<font color='darkred'> Unless otherwise noted, **this notebook will not be reviewed or autograded.**</font> You are welcome to use it for scratchwork, but **only the files listed in the exercises will be checked.**

---

# Exercises

For these exercises, add your functions to the *app\.py* file and the *apputil\.py* file.

# Building a basic model

We'll build a [Python class](https://pythonbasics.org/class/) called `GroupEstimate` which takes in *categorical* data and corresponding *continuous* values, determines which group a new observation falls into, and "predicts" an estimate value based on the data provided.

## Exercise 1

### Part 1

Define a class `GroupEstimate` that accepts an `estimate` argument, which can be either `"mean"` or `"median"`.

### Part 2

Add a `.fit(X, y)` method that takes in a pandas DataFrame of *categorical* data, `X`, and a 1-D array, `y`. There should be no missing values in `y`, and each row of `X` corresponds to the same "row" in `y`, so they should be the same length.
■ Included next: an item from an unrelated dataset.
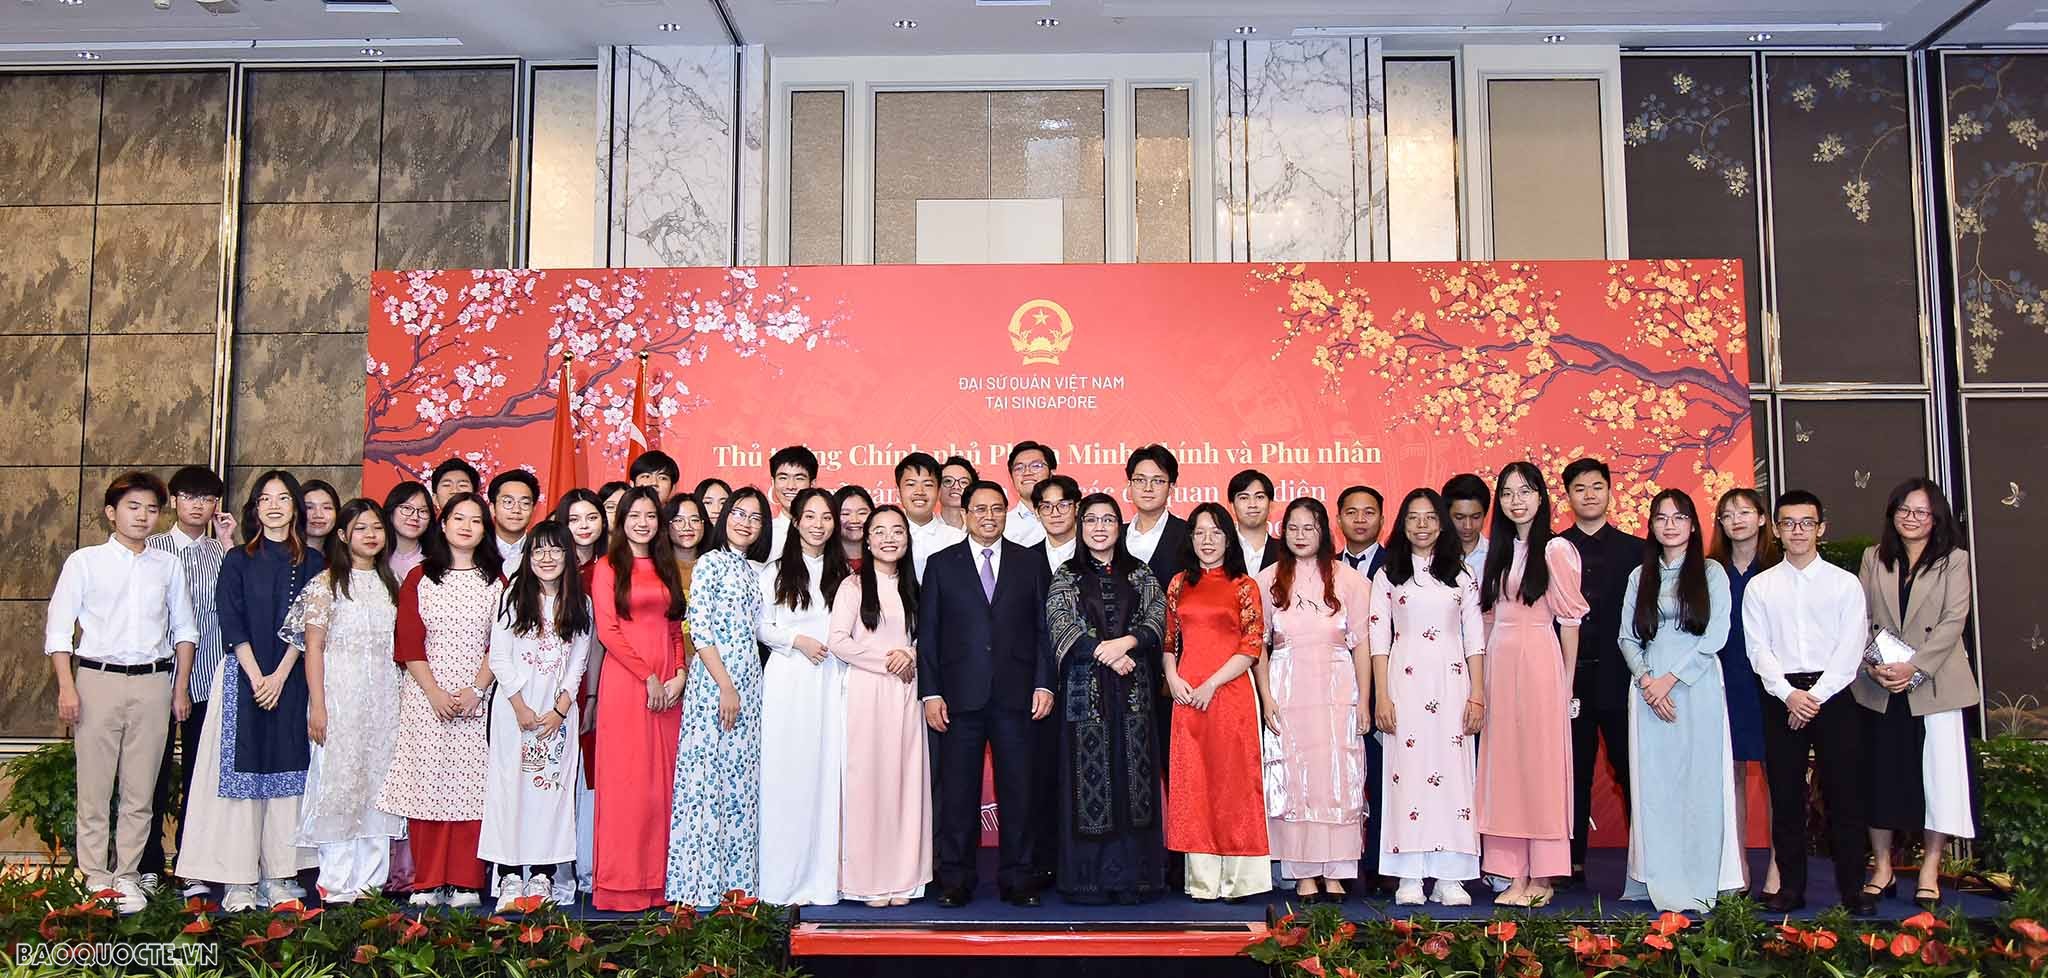 Thủ tướng Chính phủ: Mong kiều bào luôn giữ hình ảnh người Việt Nam thân thiện, hiếu khách, cầu thị

- Combine `X` and `y` into a shared pandas DataFrame.
- Group the DataFrame by the columns in `X`.
- For each group, calculate either the mean or median value of `y`, depending on the `estimate` argument.
- *Note: Your class should not "store" `X` or `y`.* Only "save" the data needed to accomplish Part 3, below.

### Part 3

Add a `.predict(X_)` method that takes in an array of observations (or a dataframe) corresponding to the columns in `X_`, determines which group they fall into, and returns the corresponding estimates for `y`.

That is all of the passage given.